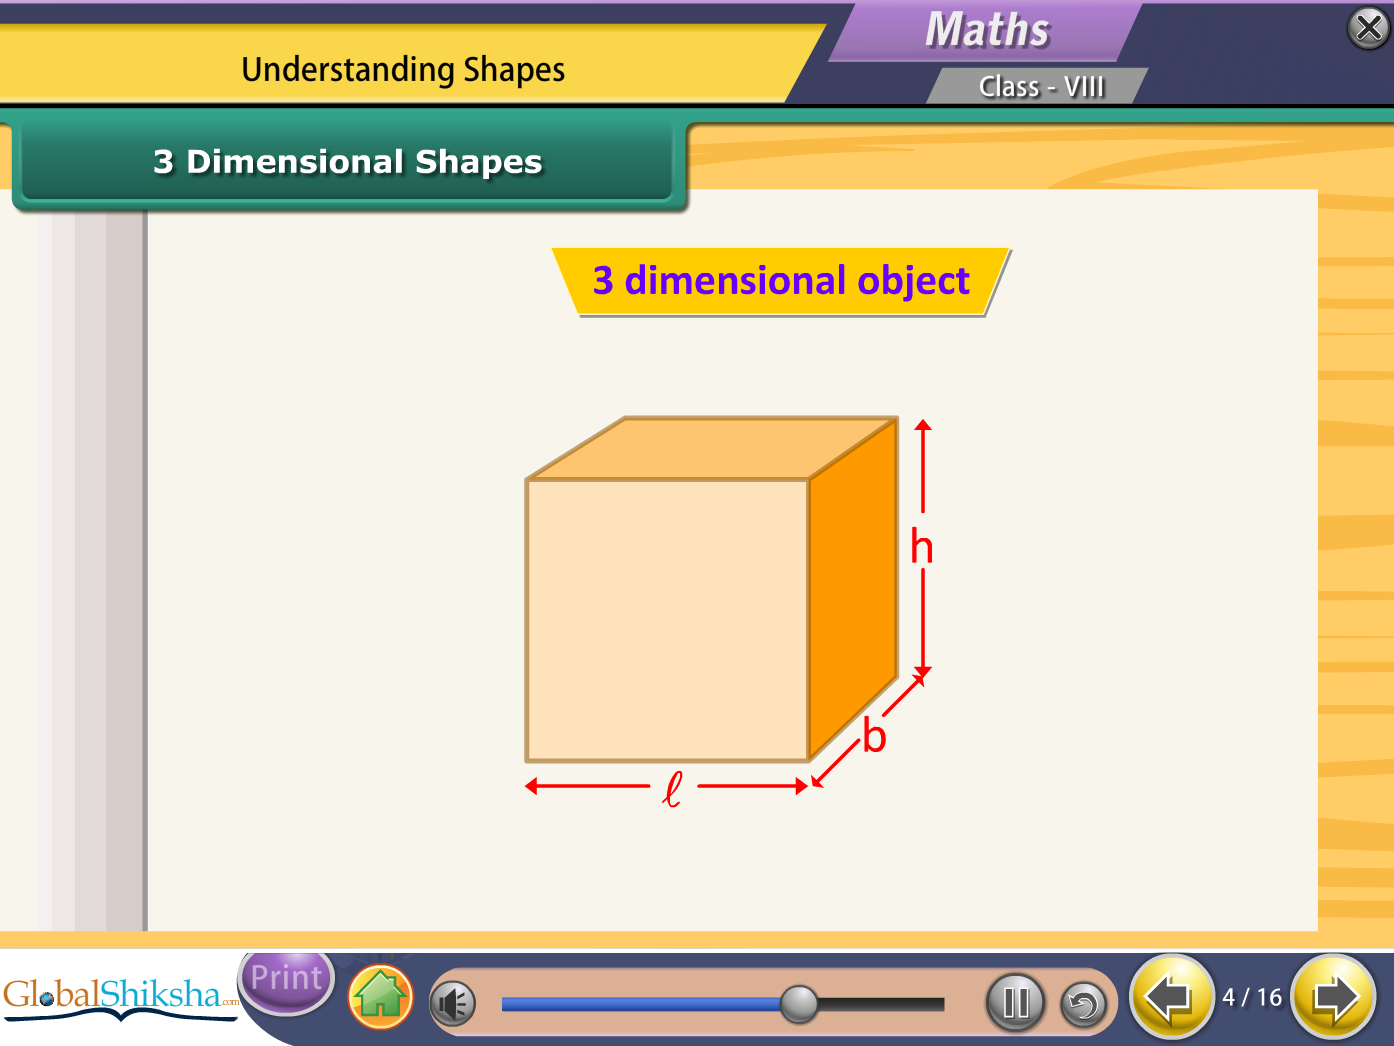 West Bengal State Board Class 8 Maths & Science Animated Pendrive in English
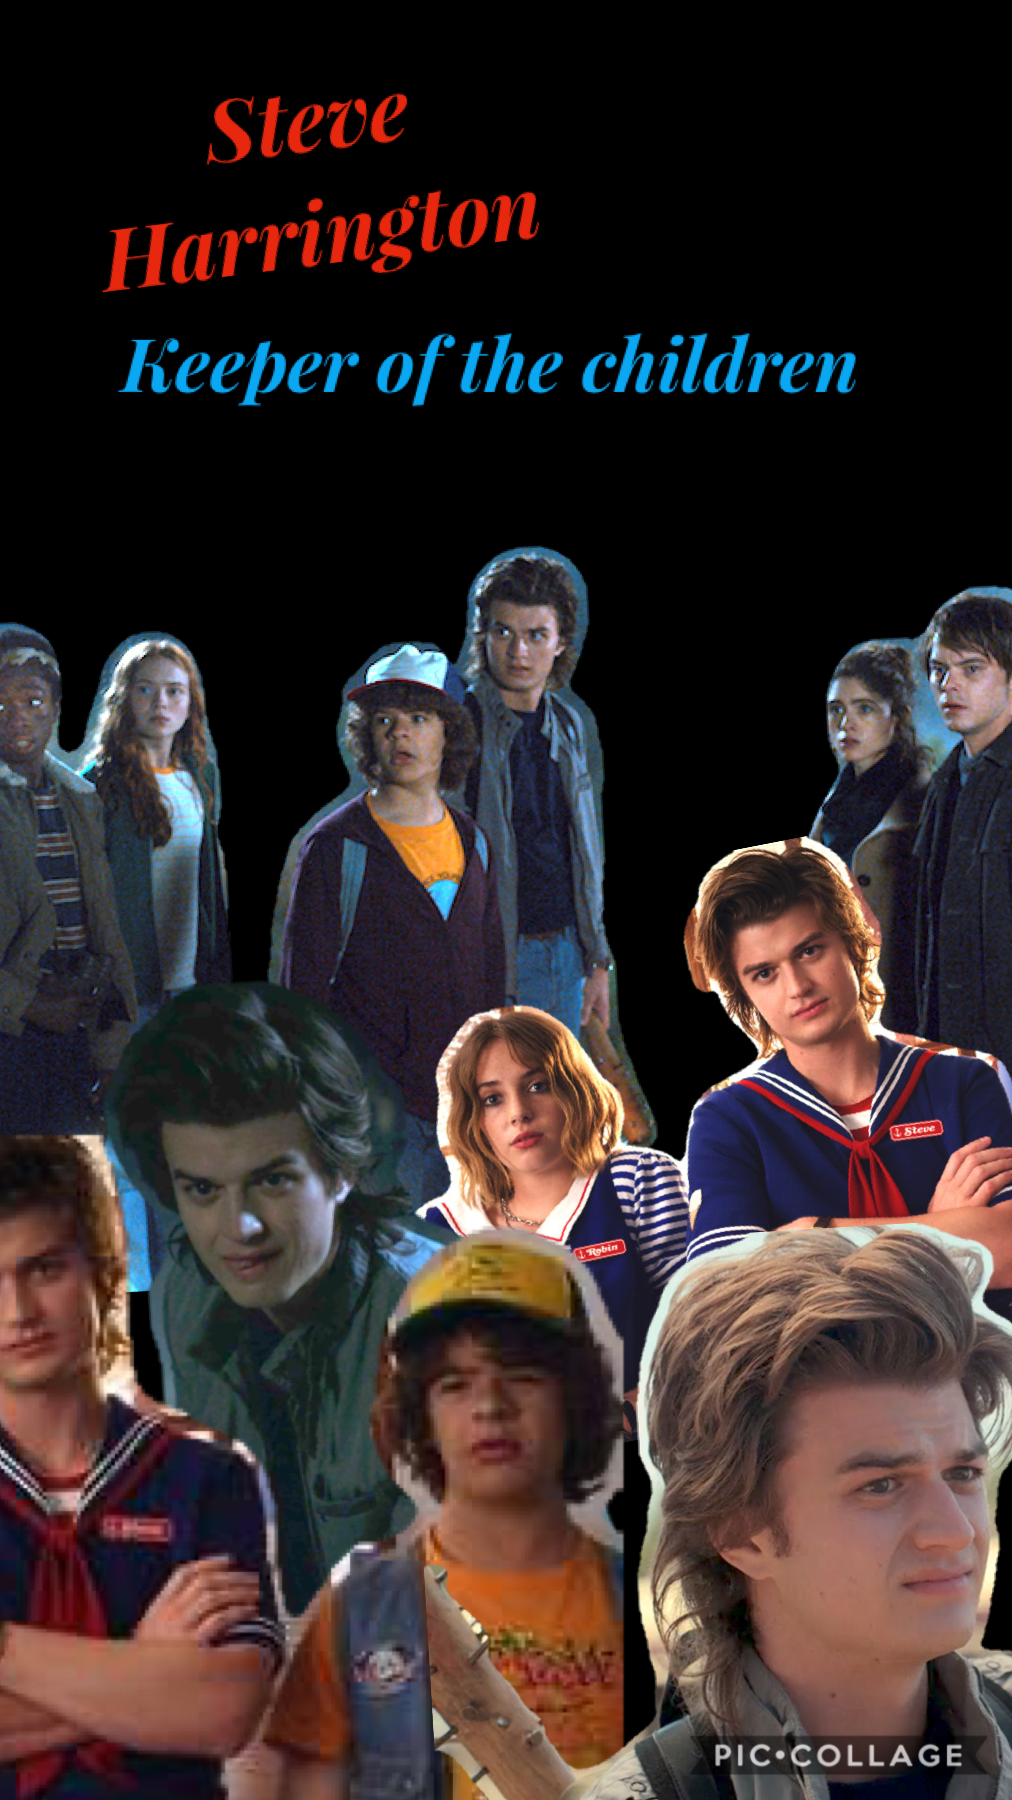 Stranger things characters and titles
Steve Harrington-Keeper of the children
===============
* _EXERCISE GOAL_
Every line of the listing should be copied precisely, with images omitted.

* _COMPLETED EXERCISE_
 West Bengal State Board Class 8 Maths & Science Animated Pendrive in English
 Stranger things characters and titles
Steve Harrington-Keeper of the children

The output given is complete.